Denis v Manhattanville Rehabilitation & Health Care Ctr., LLC
2013 NY Slip Op 07253 [111 AD3d 406]
November 7, 2013
Appellate Division, First Department
Published by New York State Law Reporting Bureau pursuant to Judiciary Law § 431.
As corrected through Wednesday, December 25, 2013


Nelson Denis, as Proposed Administrator of the Goods, Chattels and Credits of Sarah Rabassa, Deceased, Appellant,
v
Manhattanville Rehabilitation and Health Care Center, LLC, Doing Business as Manhattanville Health Care Center, LLC, et al., Respondents.

[*1] Cynthia A. Matheke, New York, for appellant.

Martin Clearwater & Bell LLP, New York (Stewart G. Milch of counsel), for Manhattanville Rehabilitation and Health Care Center, LLC, respondent.
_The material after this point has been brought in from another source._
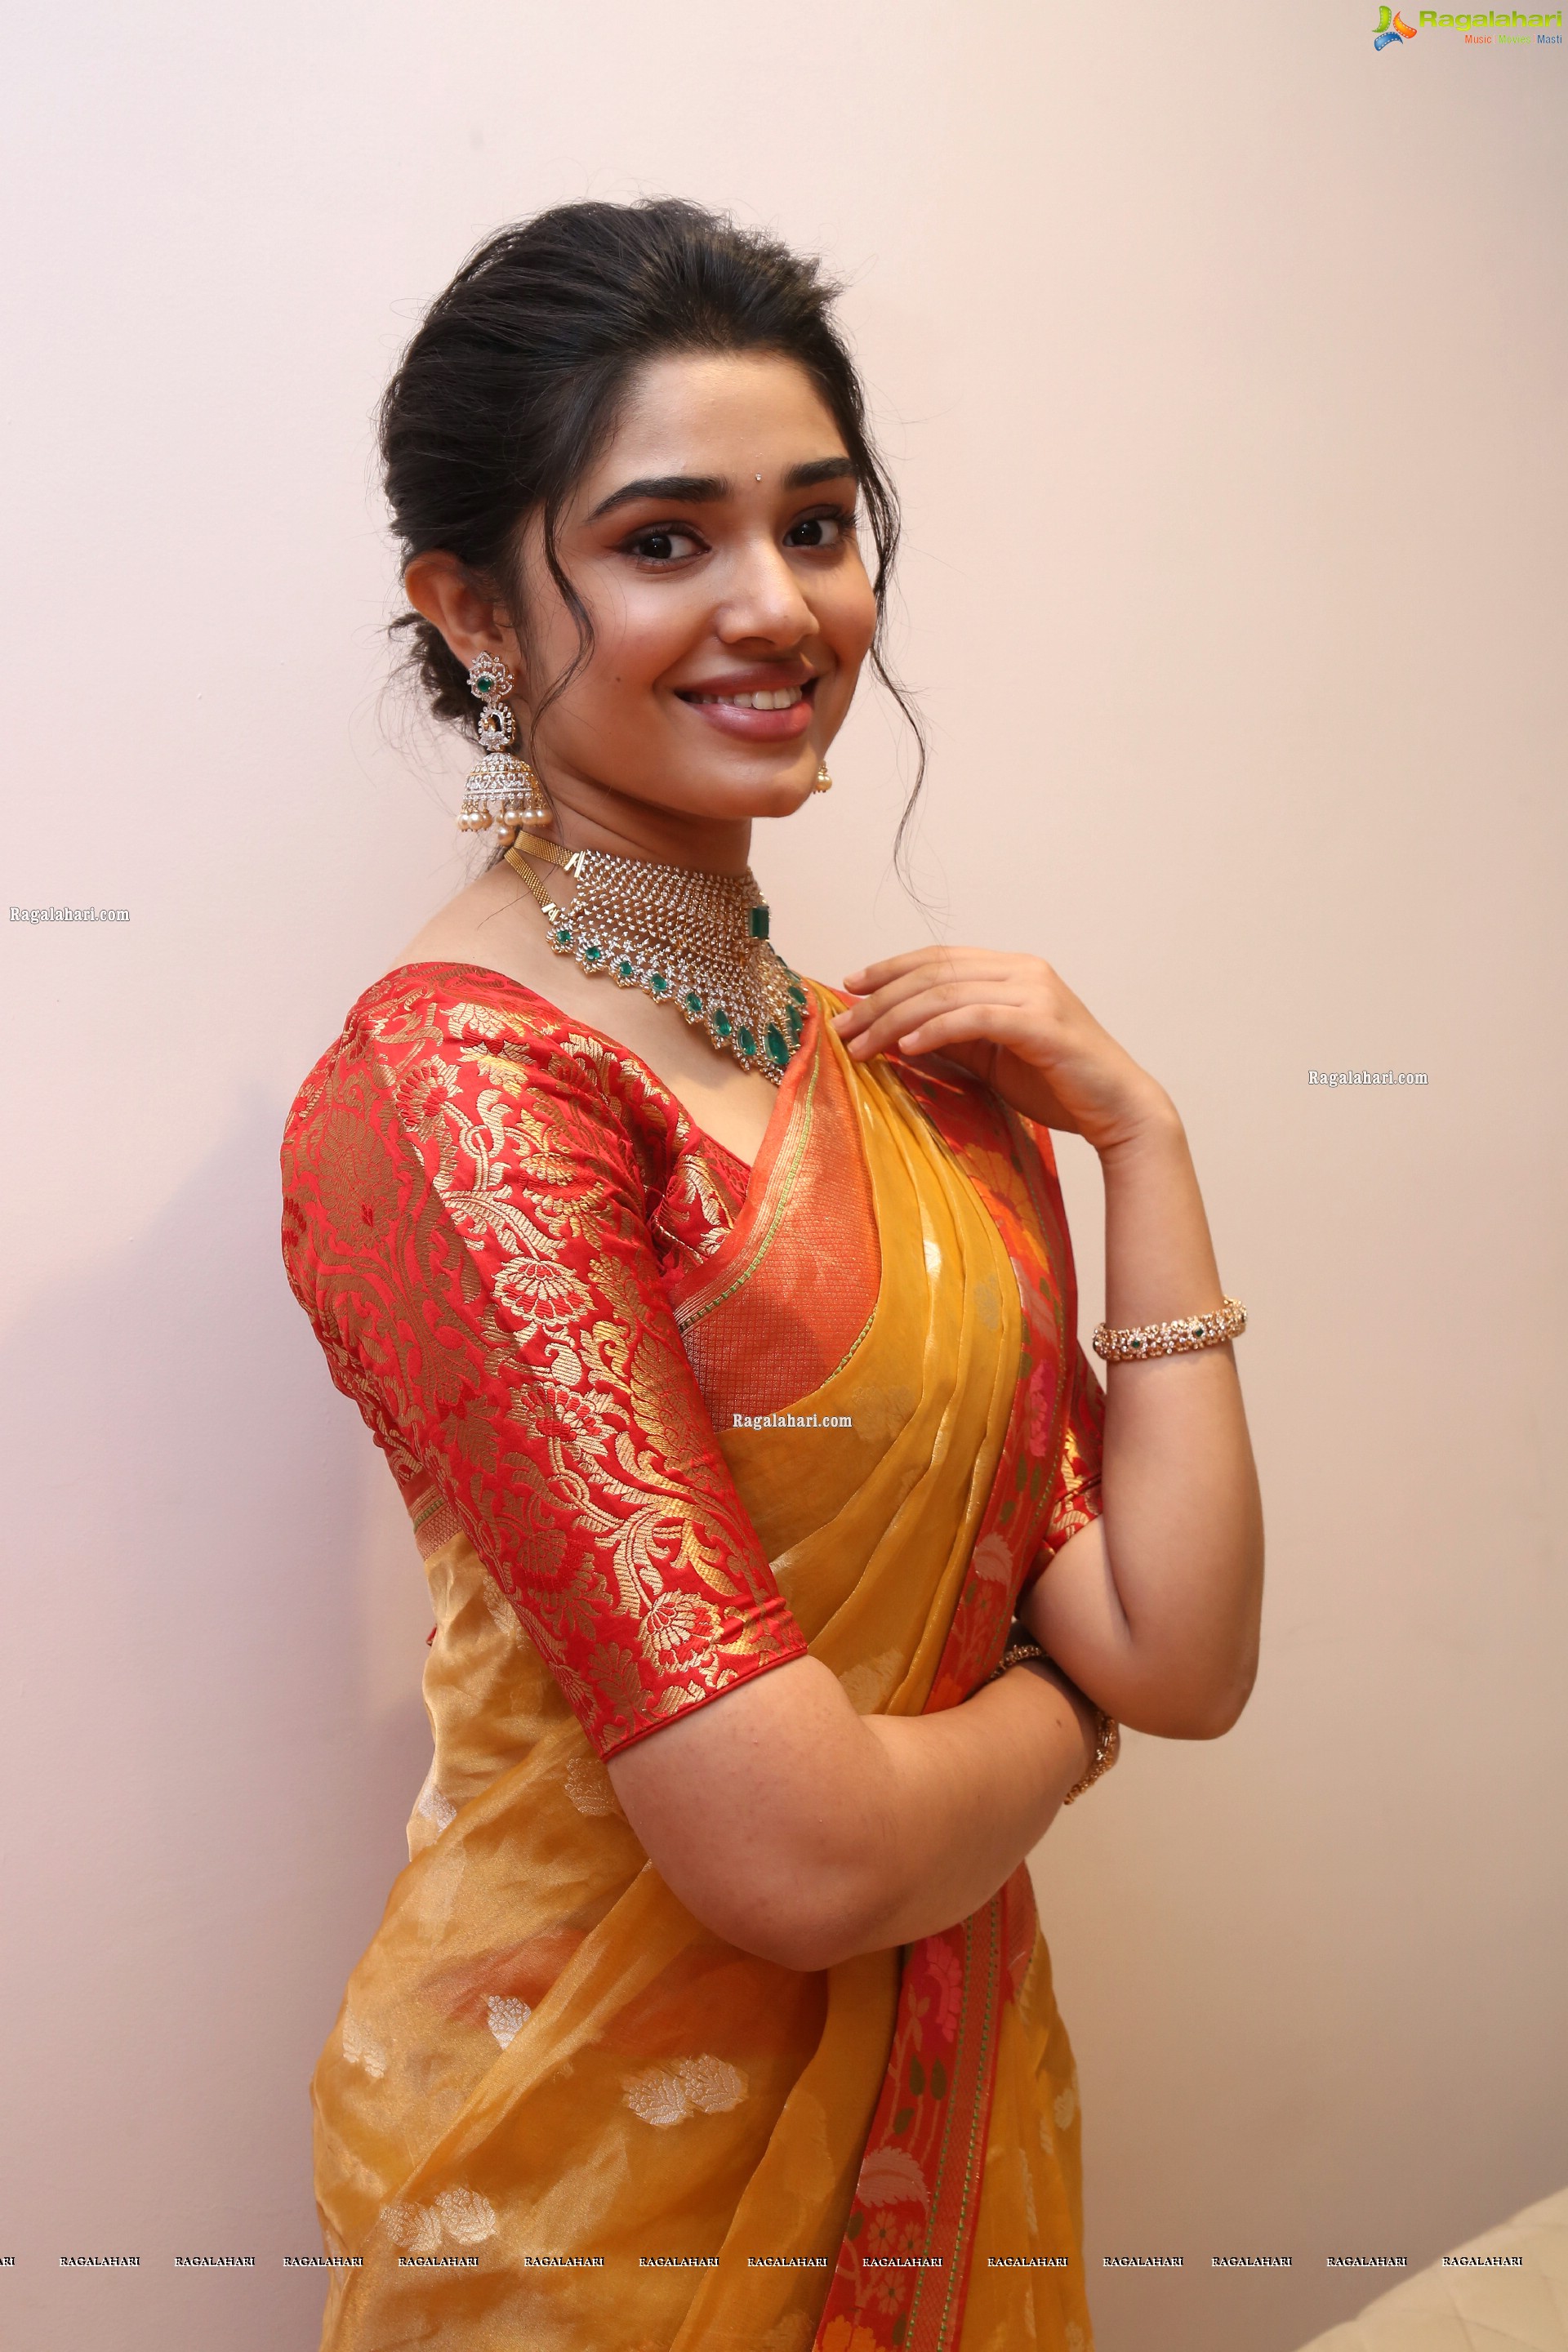 Krithi Shetty in Traditional Jewellery, HD Photo Gallery

Garson & Jakub, LLP, New York (Susan M. McNamara of counsel), for Carl Franzetti, M.D., Vandana Patil, M.D. and Riverdale Family Practice, LLC, respondents.
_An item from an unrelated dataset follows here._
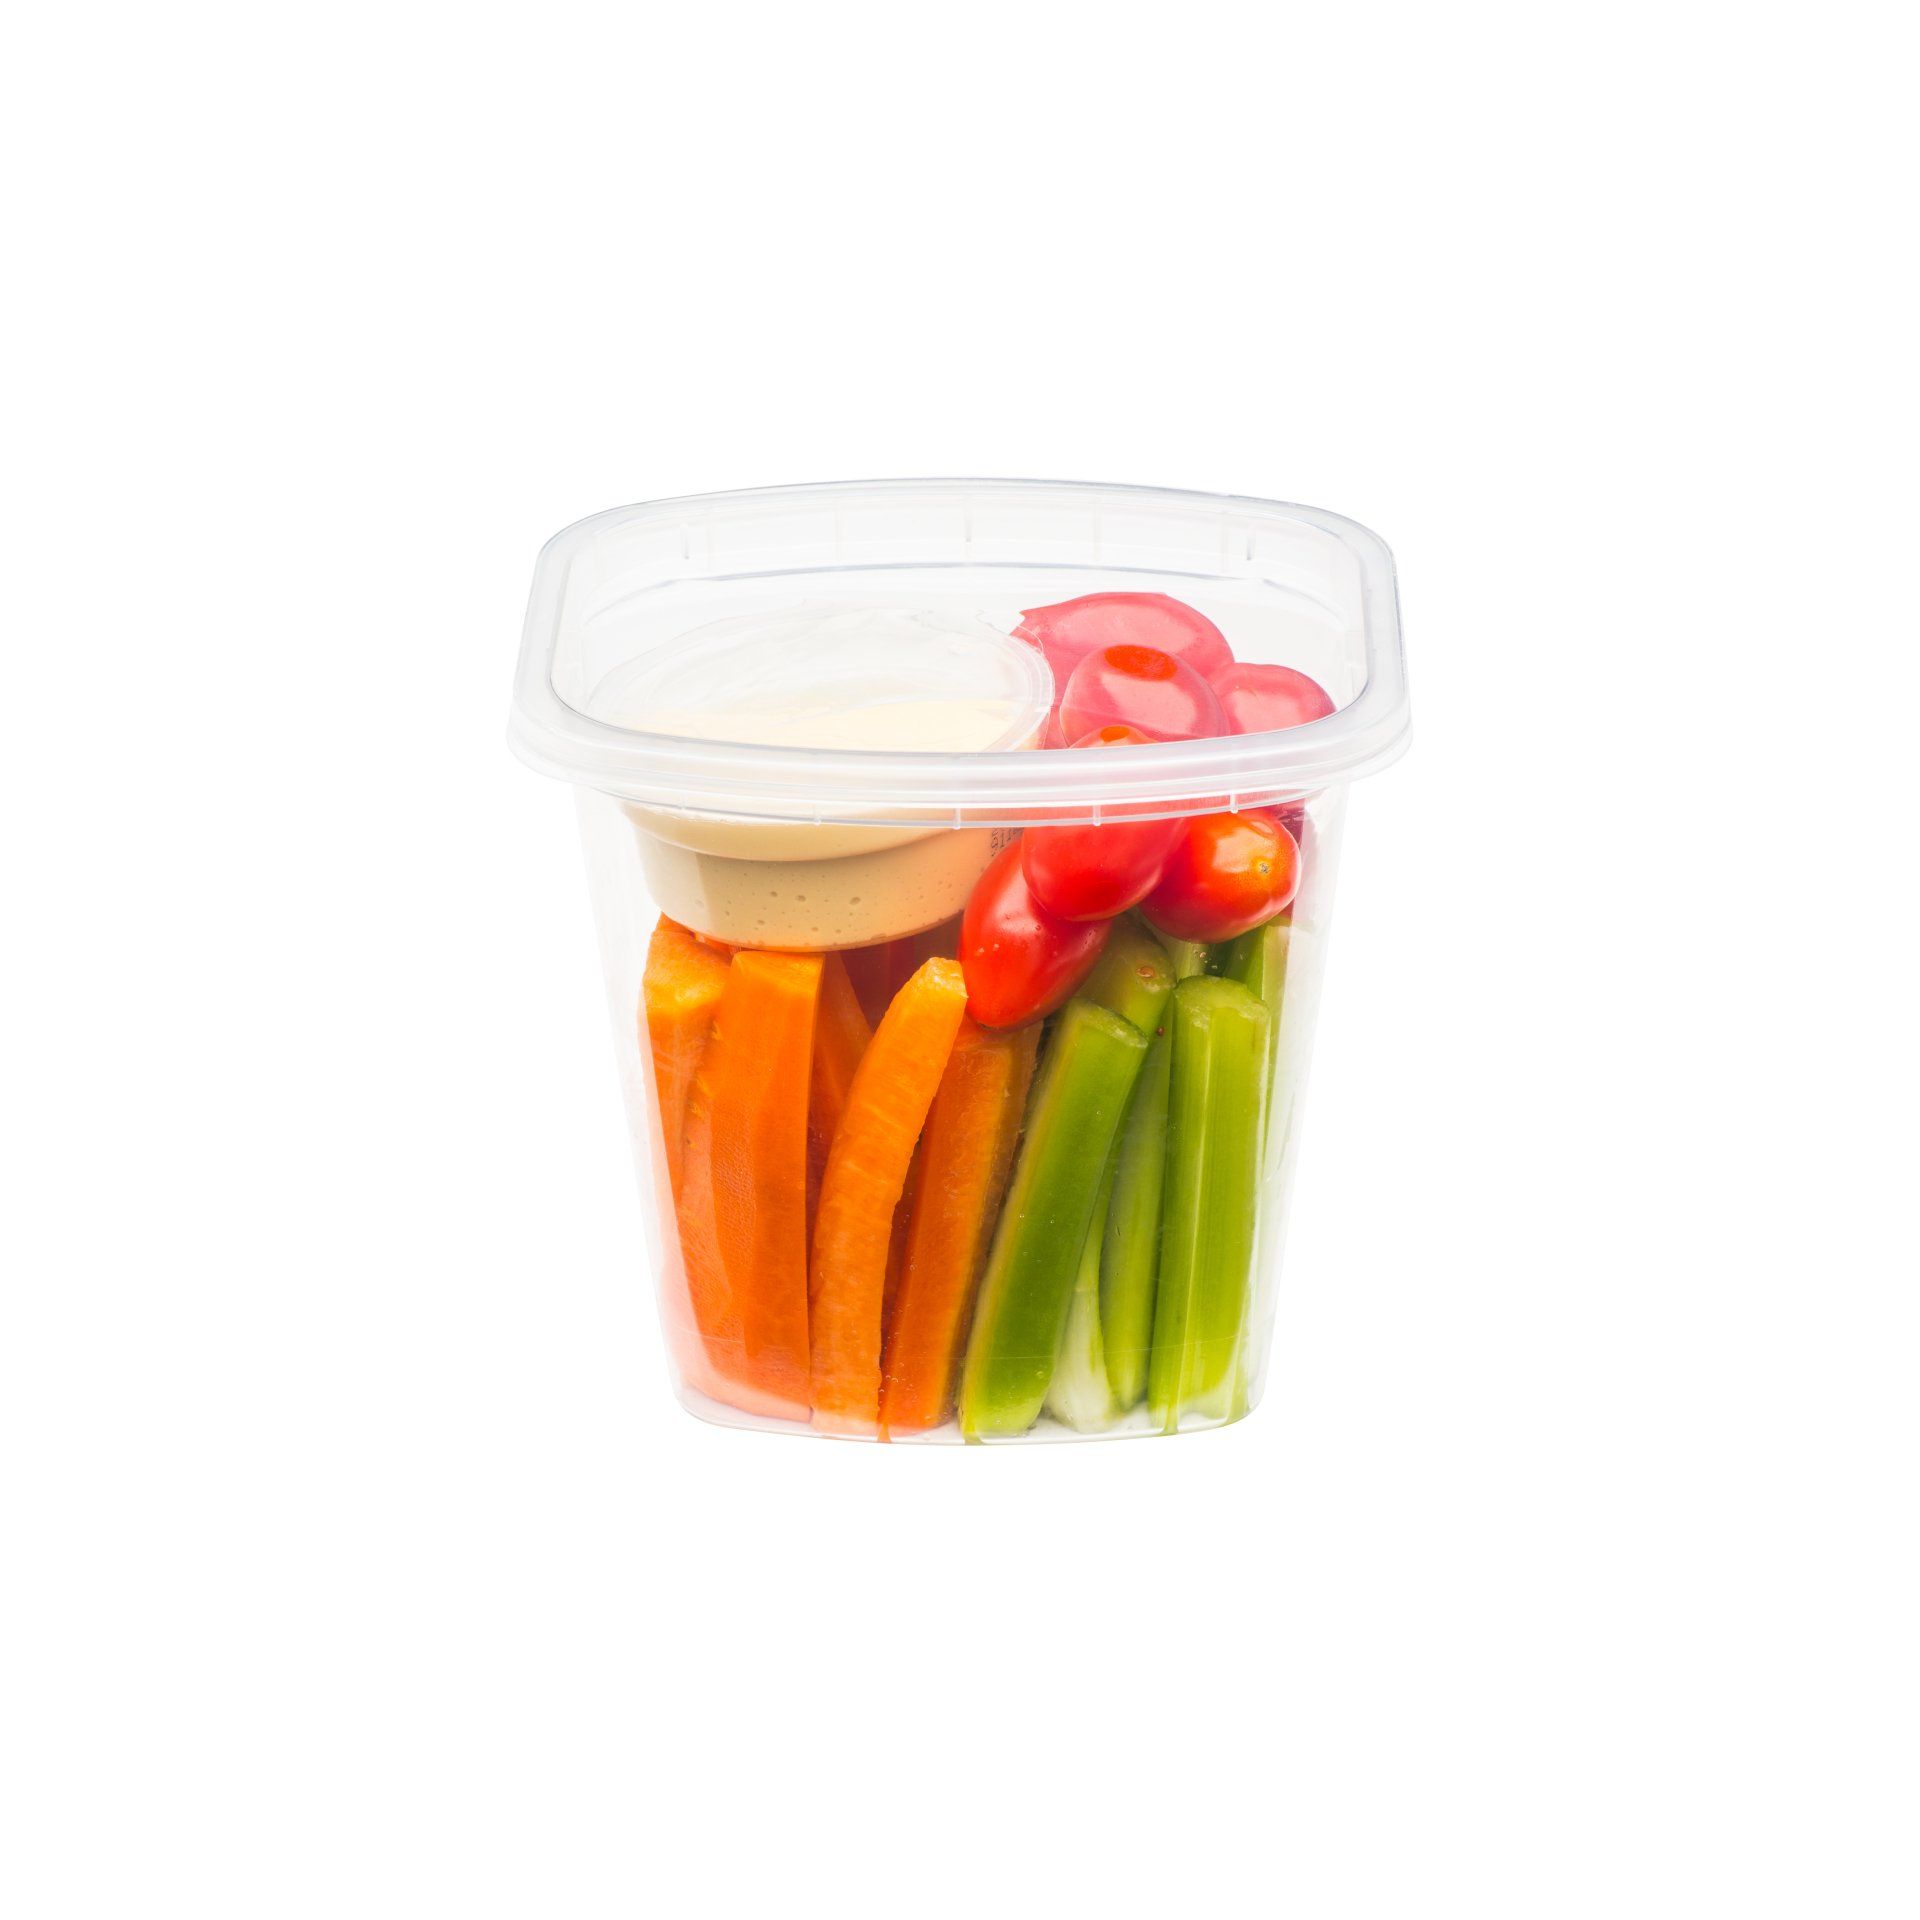 Food Containers For Grocery Stores & Retailers - Cube Packaging

Order, Supreme Court, Bronx County (Stanley Green, J.), entered September 19, 2012, which, to the extent appealed from as limited by the briefs, granted defendants' motions for summary judgment dismissing the causes of action for medical malpractice, negligence and lack of informed consent, unanimously affirmed, without costs.

Plaintiff failed to submit evidence to rebut defendants' prima facie showing that they did not deviate from the accepted standard of care in their treatment of the decedent during her 20-day admission at defendant Manhattanville. His expert assumed that the decedent had a C. difficile infection throughout her admission and that the infection worsened during her stay. He failed to support these conclusions by referring to specific entries in the records, and, as to two negative stool sample tests, he speculated that they had been handled poorly. Plaintiff's expert's claims that the decedent suffered from dehydration and was not properly nourished were conclusory and failed to controvert defendants' expert's evidence to the contrary. Moreover, the expert failed to causally relate the decedent's injuries to defendants' alleged departures from the standard of care (see Margolese v Uribe, 238 AD2d 164 [1st Dept 1997]).

Plaintiff's expert's opinion as to the lack of informed consent was predicated on his unsupported assumption as to the duration of the C. difficile infection and relied on alternative "potential" treatments that were experimental, without addressing whether the decedent would have been a candidate for any of them. Moreover, the expert did not opine that the lack of informed consent was a proximate cause of the decedent's injuries. The opinion was therefore insufficient to raise an inference that a reasonably prudent person in the decedent's circumstances, having been appropriately informed of the risks and alternatives, would have elected an alternate course of treatment, and that the lack of informed consent was the proximate cause of the decedent's injuries (see Public Health Law § 2805-d [1], [3]; Shkolnik v Hospital for Joint Diseases Orthopaedic Inst., 211 [*2]AD2d 347, 350 [1st Dept 1995], lv dismissed in part and denied in part 87 NY2d 895 [1995]).

We have considered plaintiff's remaining arguments and find them unavailing. Concur—Sweeny, J.P., Moskowitz, Renwick, DeGrasse and Gische, JJ.